While there are no doubt many homes in which creative effective learning can take lace it’s been my experience that quite a few are not, and, in the interest of fairness to all, it’s vital to ensure that homework tasks are things that all students have a fair opportunity to get done well at home. I am therefore of the mind that it’s generally a good idea to assign some of the more routine tasks such as review drill and practice as homework. For example back when I taught grade ten math, before covering the factoring of trinomials I found it useful to assign a review of math facts (I am not kidding. That was grade ten and I am thinking of the 1980s. The whole problem about remembering math facts is truly nothing new) before getting started as a significant number of the students were rusty, especially regarding the multiplication facts bigger than 7×7. Since it was not worth taking class time with I’d just pass out a boring review worksheet. Similarly, the following year, just before we started the unit on quadratics I’d also assign review on factoring polynomials as homework, again for the same reason. These days if I was still doing it I’d certainly make use of a flipped classroom approach and provide a modern version of essentially the same thing.

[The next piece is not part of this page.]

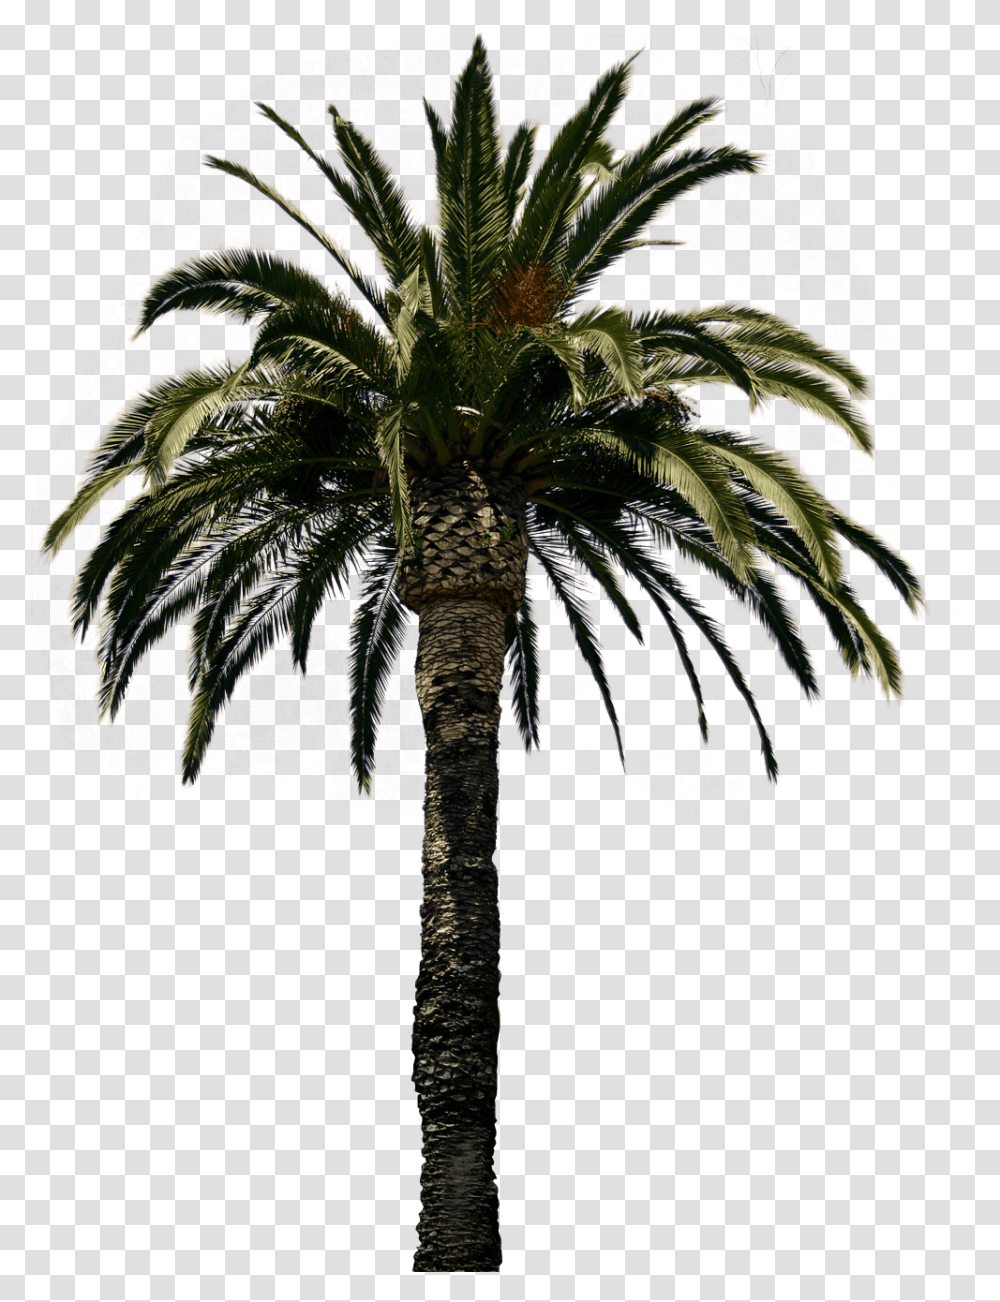 Real Palm Tree 43067 Free Icons And Real Palm Trees, Plant, Arecaceae, Cross, Symbol Transparent Png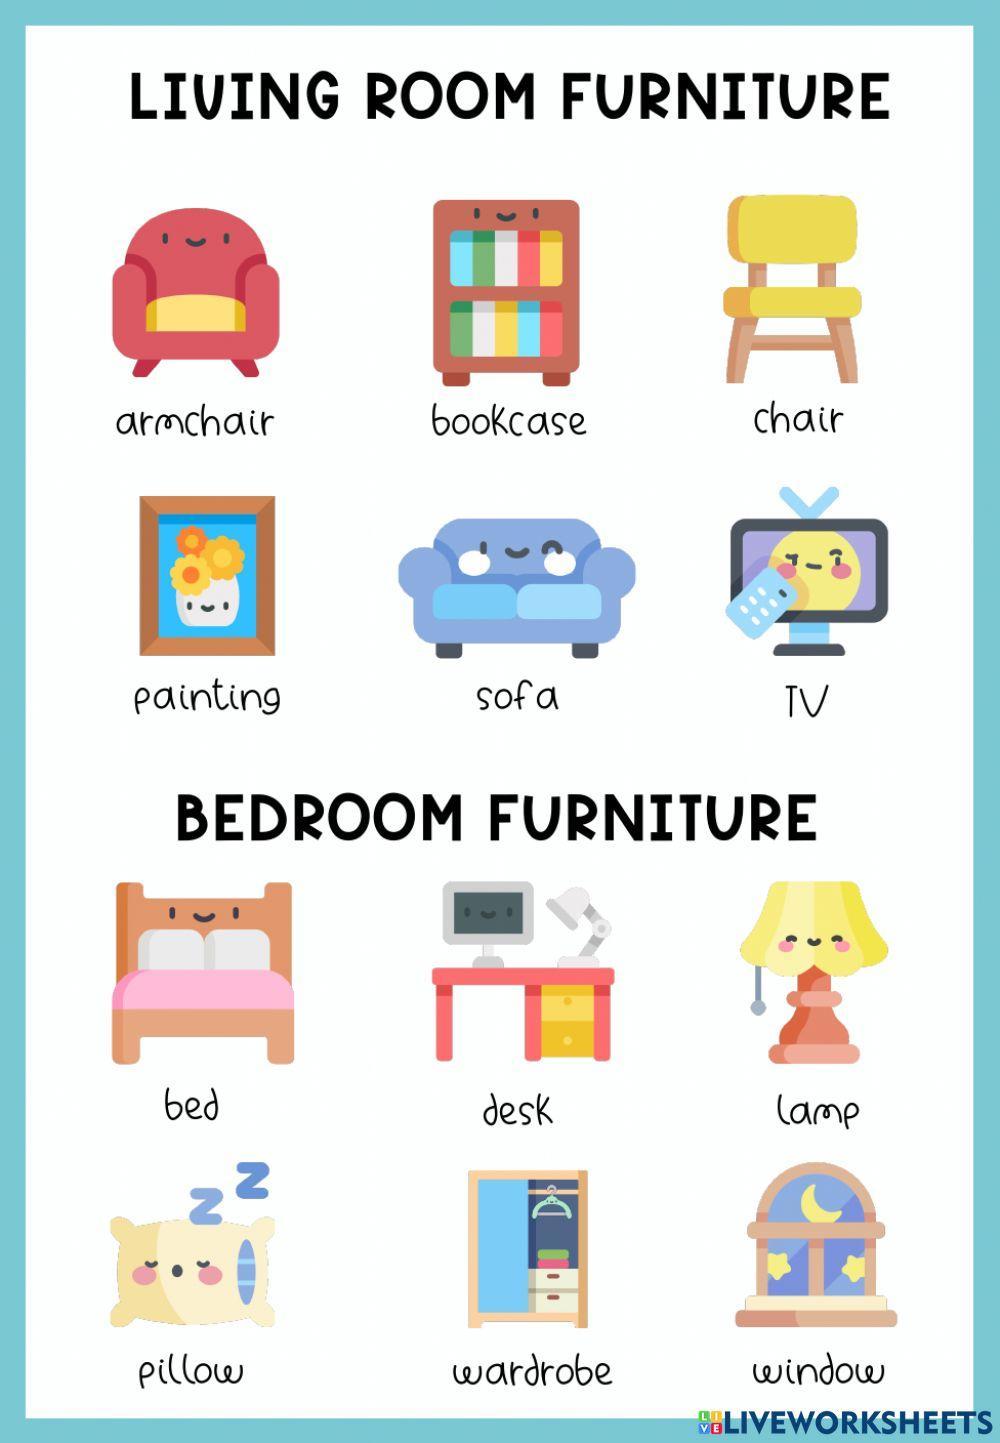 3. Parts of the house and furniture

The talk then turned to things that do not work well for homework. Both of us, as parents, could easily recount numerous stories of especially frustrating experiences we’d had when our children asked for help with certain tasks that had been sent home. We then put on our cynical retired teachers’ hats and concluded that in many of these instances what had been sent home were items from the textbook that the teacher did not feel comfortable with handling in class.
My particular “favourites” were the ones that start with, “explain why…” such as “Explain why you chose the solution you did,” or “Explain why a polynomial function of degree n can have, at most, n zeros.” I was particularly not fond of questions that started with “Write to explain…” Now, don’t get me wrong—I am very much in favour of students working on their mathematics communication skills. It’s just that sometimes the questions do not lend themselves to independent thought and are much better handled as a group or whole-class discussion when many ideas can be drawn out, thus forming something of a mosaic of shared understanding.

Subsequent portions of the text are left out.